Ortt calls on SUNY Brockport to cancel speaker convicted in 1971 of killing NYC police officers

Posted 14 March 2022 at 8:52 pm

Press Release, State Senate Republican Leader Rob Ortt

ALBANY – New York State Senate Republican Leader Rob Ortt today penned a letter to SUNY Brockport calling on the school to rescind a speaking invitation for Anthony Bottom, who was convicted in 1971 for luring and killing two NYPD Officers in cold blood.

The invitation states that Bottom’s on-campus appearance on April 6 will be an “intellectual conversation” about his time as a “political prisoner.”

“This proposed event on SUNY Brockport’s campus is absolutely shameful,” Ortt said. “Let’s be very clear: Anthony Bottom was not a ‘political prisoner.’ He’s a convicted cop-killer. Calling this an ‘intellectual conversation’ on a taxpayer-funded state campus is intellectually dishonest. It’s an insult. And it’s outright offensive to the families of NYPD Officers Joseph Piagentini and Waverly Jones, as well as all men and women who wear the uniform. SUNY Brockport must immediately rescind this tone-deaf invitation.”

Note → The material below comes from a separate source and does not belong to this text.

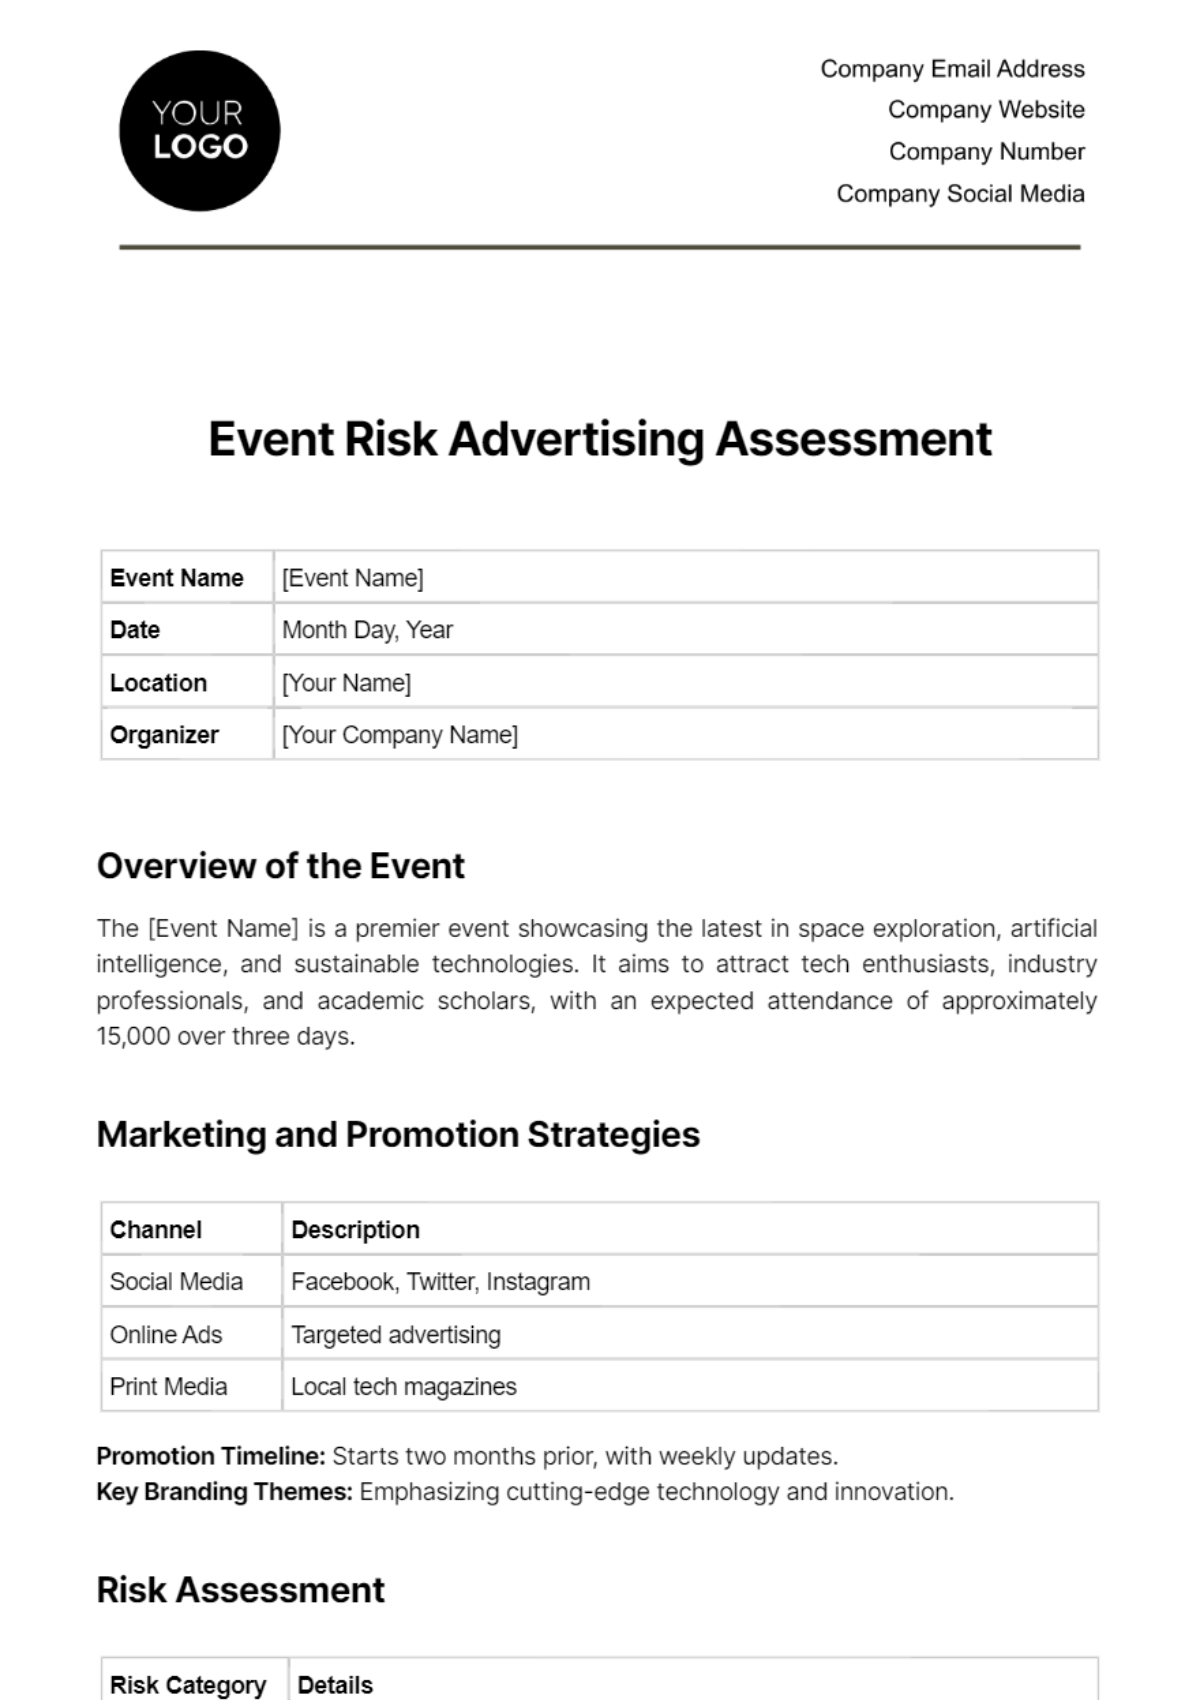 Event Risk Advertising Assessment Template

In 1971, Anthony Bottom — joined by Herman Bell and Albert Washington — lured, ambushed, and murdered NYPD Officers Joseph Piagentini and Waverly Jones in cold blood. Bottom and Bell, both paroled in recent years, were once members of the “Black Liberation Army,” a militant organization that carried out multiple premeditated assassinations, bombings, and other violence in the 1970s and 80s.

Senate Republicans for years fought against the release of Bottom and Bell. Despite widespread opposition from the victims’ families and communities, both were released by the state Parole Board in recent years.

Last year, Ortt helped unveil a Parole Reform package of bills designed to protect crime victims, fix the broken state Parole Board, and keep New York’s most notoriously violent criminals behind bars. Included in that push is a measure that would keep cop-killers behind bars for life.